In the case of the 2021-22 Calgary Flames, the honesty has been helping the team win.

One more victory against the Winnipeg Jets on Monday will tie a franchise high for consecutive games with the full two points.

When asked what he likes about what the team has done so far, Sutter briefly mentioned scoring suppression. Then he flipped the script and spent a few minutes on what the team needs to continue to do better.

A little insight into the ‘how’ of keeping his players focused on what’s next rather than what they’ve accomplished so far.

“We’ve kept the goals against down. That’s really important,” Sutter said, before the quick pivot. “It’s the only way we’ll make the playoffs.

“There’s games where we’ve given up too many quality opportunities, which we have to continue to work at cutting back. Most of it’s turnover related or structure related. Those areas we have to clean up.”

Offensively, the team has been ablaze during the streak, although they may have been guilty of believing they’d continue to score a handful of goals every time they hit the ice.

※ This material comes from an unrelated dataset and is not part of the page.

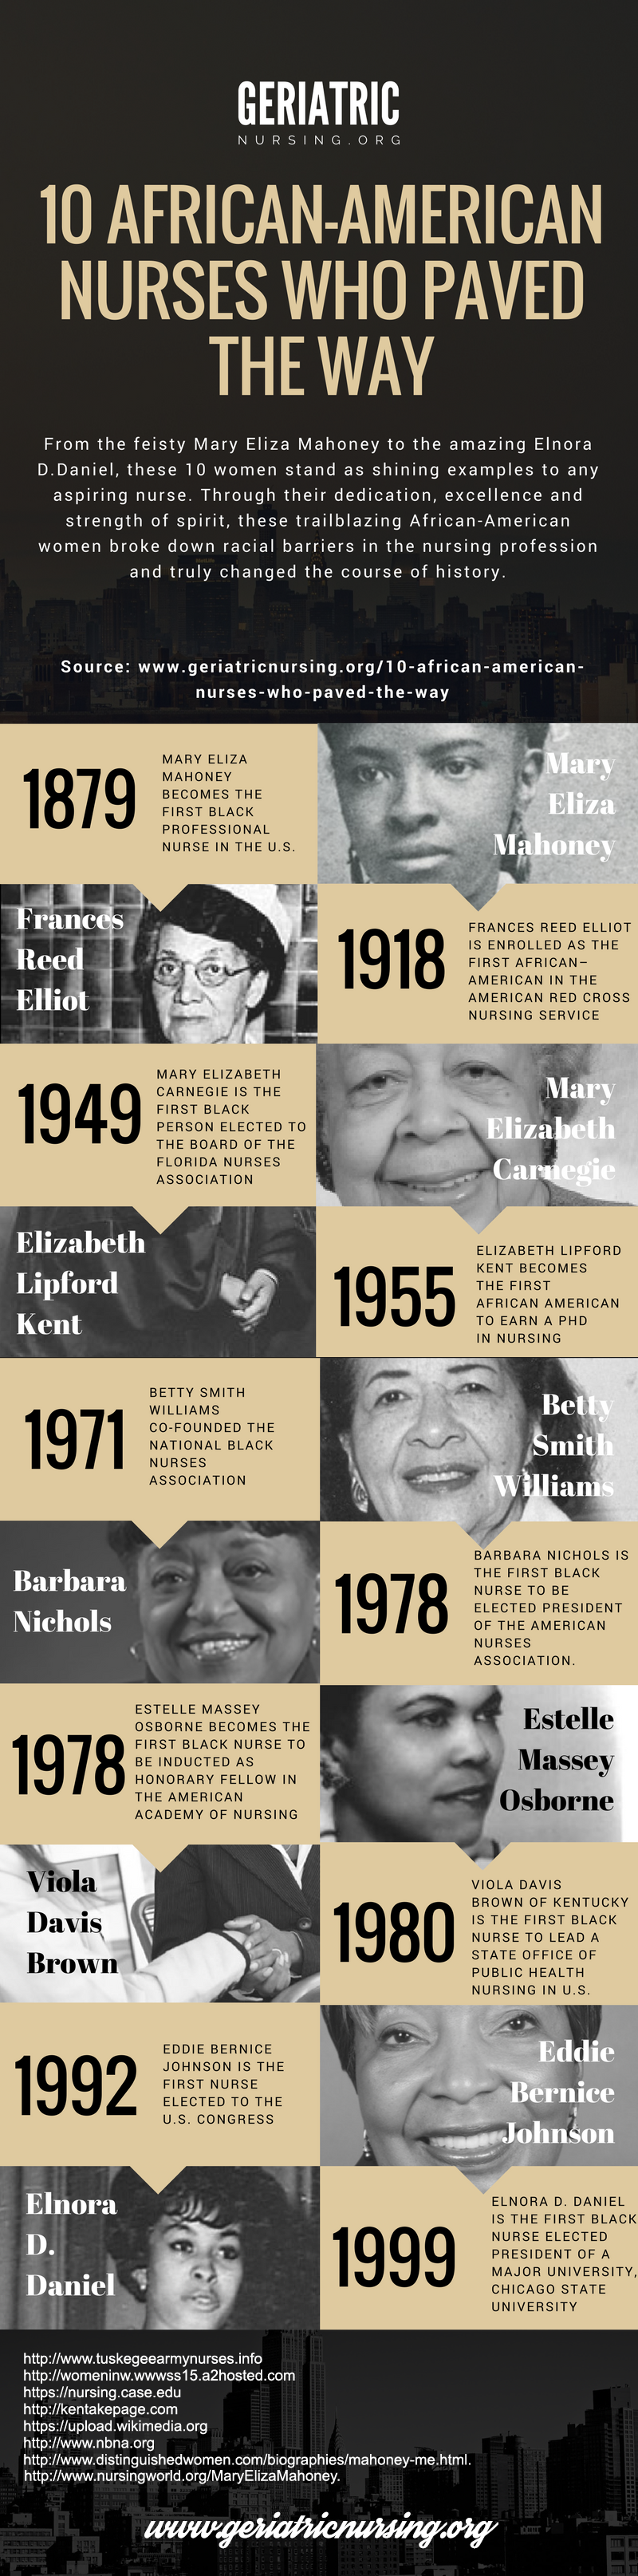 10 African American Nurses Who Paved the Way Infographic

Flames guilty of forgetting how the hard goals are scored

“You start thinking you can play pretty and pass it into the net, you lose. You lose momentum, you lose possession, you lose zone time. That’s trickled in and out of our game,” Sutter said. “We’ve had to move guys around to straighten it out. That is a constant you have to have your finger on.”

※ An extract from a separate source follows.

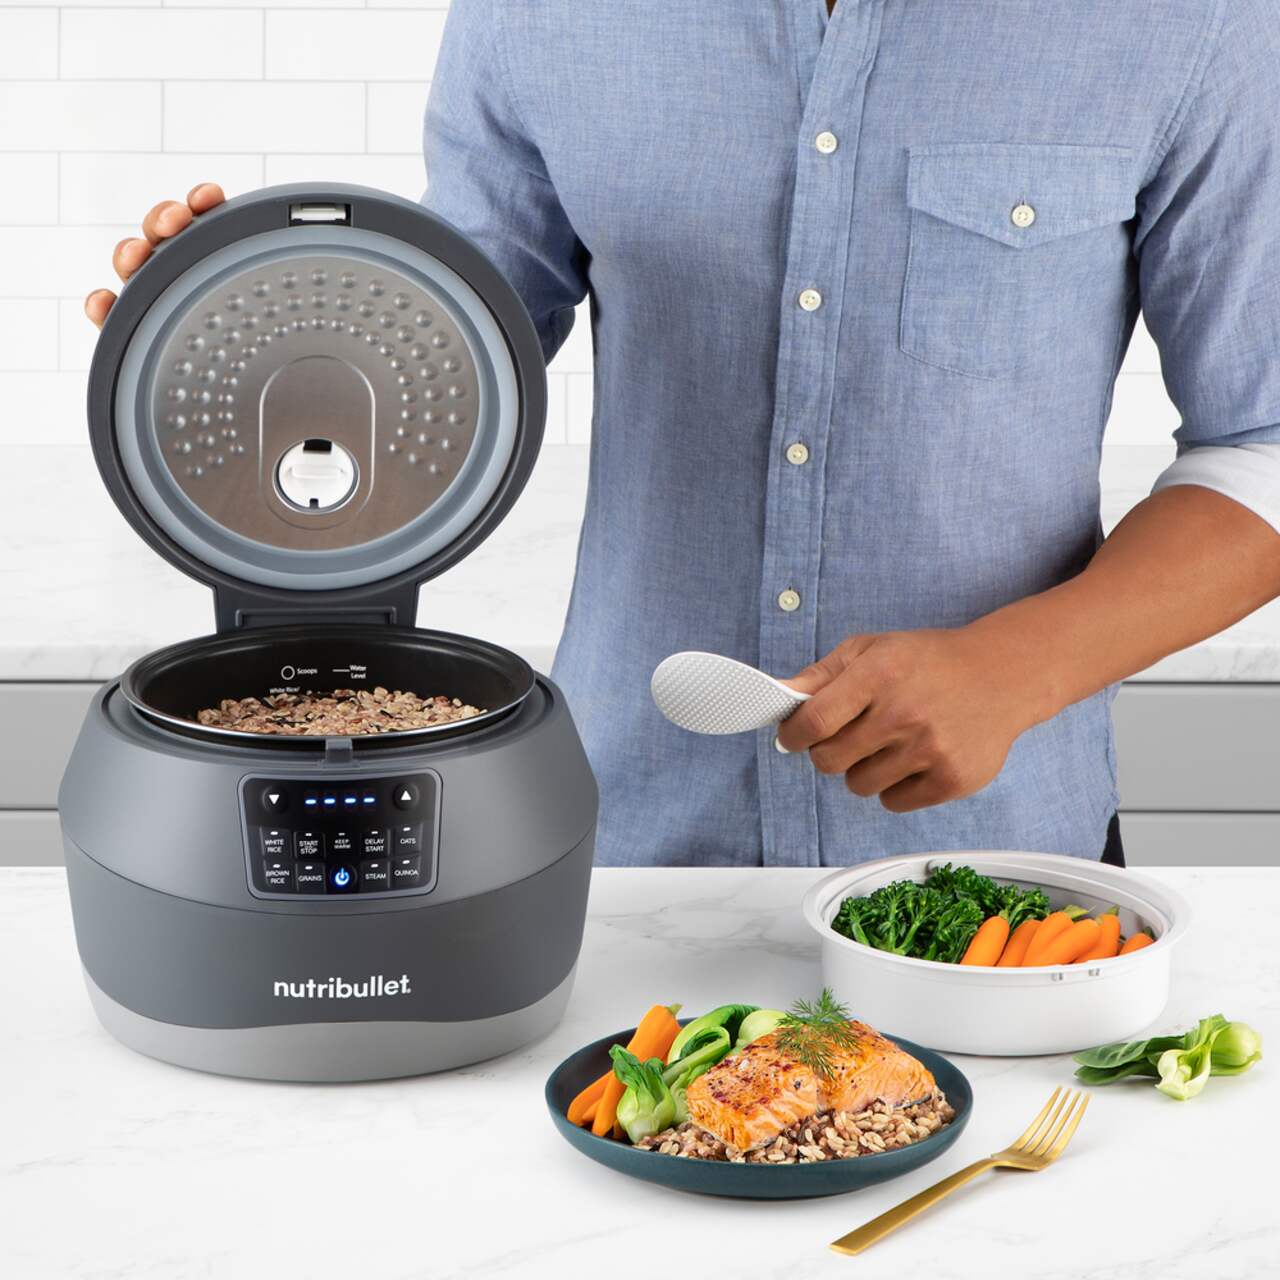 https://media-www.canadiantire.ca/product/living/kitchen/kitchen-appliances/0430109/nutribullet-everygrain-cooker-b4038646-e6af-4540-9026-c88550461548.png?imdensity=1&imwidth=1244&impolicy=mZoom

Lines were shuffled slightly on Sunday, with Dillon Dube bumped for Milan Lucic on the Tyler Toffoli line, but the Calgary Flames head coach made sure to mention Dube wasn’t the only player in a competition for more consistency.

As for himself, Sutter says he doesn’t linger in the streak. His memory is quickly purged – or at least any emotional attachment to it.

“I’m game over, getting ready for the next game,” he said. “Very simple.”

There is plenty of chatter about the Flames given their recent success, but the players suggest they’re easily able to avoid it. Or, as Nikita Zadorov suggests, that the noise isn’t even penetrating his bubble.

“Not one person asked me anything on the streets,” he said with a grin. “We just come to the rink, we practice – we’re getting better – we go into the game and we’re playing our asses off pretty much. That’s all we do. Then you go home, sleep and recover, spend time with your family.

“It doesn’t affect me.”

Fellow Calgary Flames defenceman Oliver Kylington said the key is to enjoy the wins but remember the mindset that keeps producing them.

“You’re not better than your last game. We just have to have that mindset,” Kylington said. “It’s fun winning and we want to keep winning but we know what that takes and what we have to bring to be a winning team.”